Este ejemplo cumple su función; nos permite observar y comparar fácilmente el peso de cada sector sobre el total de la economía. Sin embargo, si en lugar de cuatro sectores, el total estuviera compuesto, por ejemplo, de diecisiete partes la efectividad del gráfico sería nula. En el ejemplo siguiente vemos “con dificultad” cómo se distribuyen los turistas extranjeros por comunidad autónoma.

 

 

Así, no deberemos usar un gráfico de tarta cuando el número de partes a representar sea superior a cinco o seis, pues con más particiones visualmente pierde su eficacia.

Otro caso donde es frecuente utilizar los gráficos de tarta es cuando queremos comparar, por ejemplo, el peso sectorial del PIB en la economía española en dos momentos distintos del tiempo.
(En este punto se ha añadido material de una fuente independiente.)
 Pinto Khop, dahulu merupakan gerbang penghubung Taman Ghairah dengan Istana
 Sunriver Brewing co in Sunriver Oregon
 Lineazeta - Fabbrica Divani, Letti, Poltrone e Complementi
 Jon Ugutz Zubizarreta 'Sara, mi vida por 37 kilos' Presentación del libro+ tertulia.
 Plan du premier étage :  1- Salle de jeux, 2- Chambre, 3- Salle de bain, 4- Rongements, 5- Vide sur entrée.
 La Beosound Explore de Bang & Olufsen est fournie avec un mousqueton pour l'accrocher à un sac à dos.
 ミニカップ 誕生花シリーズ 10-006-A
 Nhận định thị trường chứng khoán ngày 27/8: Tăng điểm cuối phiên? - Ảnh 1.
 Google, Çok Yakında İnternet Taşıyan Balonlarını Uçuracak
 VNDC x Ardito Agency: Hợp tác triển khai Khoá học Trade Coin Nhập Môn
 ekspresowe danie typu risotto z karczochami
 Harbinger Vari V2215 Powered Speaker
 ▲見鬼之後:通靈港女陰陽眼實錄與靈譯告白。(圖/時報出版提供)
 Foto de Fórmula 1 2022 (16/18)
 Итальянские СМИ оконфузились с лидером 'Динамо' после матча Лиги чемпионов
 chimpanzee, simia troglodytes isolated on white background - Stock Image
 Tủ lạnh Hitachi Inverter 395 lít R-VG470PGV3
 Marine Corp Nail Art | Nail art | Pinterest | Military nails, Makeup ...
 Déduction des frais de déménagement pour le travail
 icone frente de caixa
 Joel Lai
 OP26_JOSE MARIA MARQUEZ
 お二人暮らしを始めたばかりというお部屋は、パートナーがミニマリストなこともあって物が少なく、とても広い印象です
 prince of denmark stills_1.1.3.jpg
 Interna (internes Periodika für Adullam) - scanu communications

Como vemos en los gráficos de abajo, es difícil apreciar la diferencia entre 2016 (izquierda) y 2010 (derecha) en algunos de los sectores ya que la variación no ha sido suficientemente importante para que el gráfico de tarta sea capaz de mostrarlo de forma adecuada. En estos casos tampoco conviene utilizar gráficos de tartas; los gráficos de barras puede ser una solución mejor.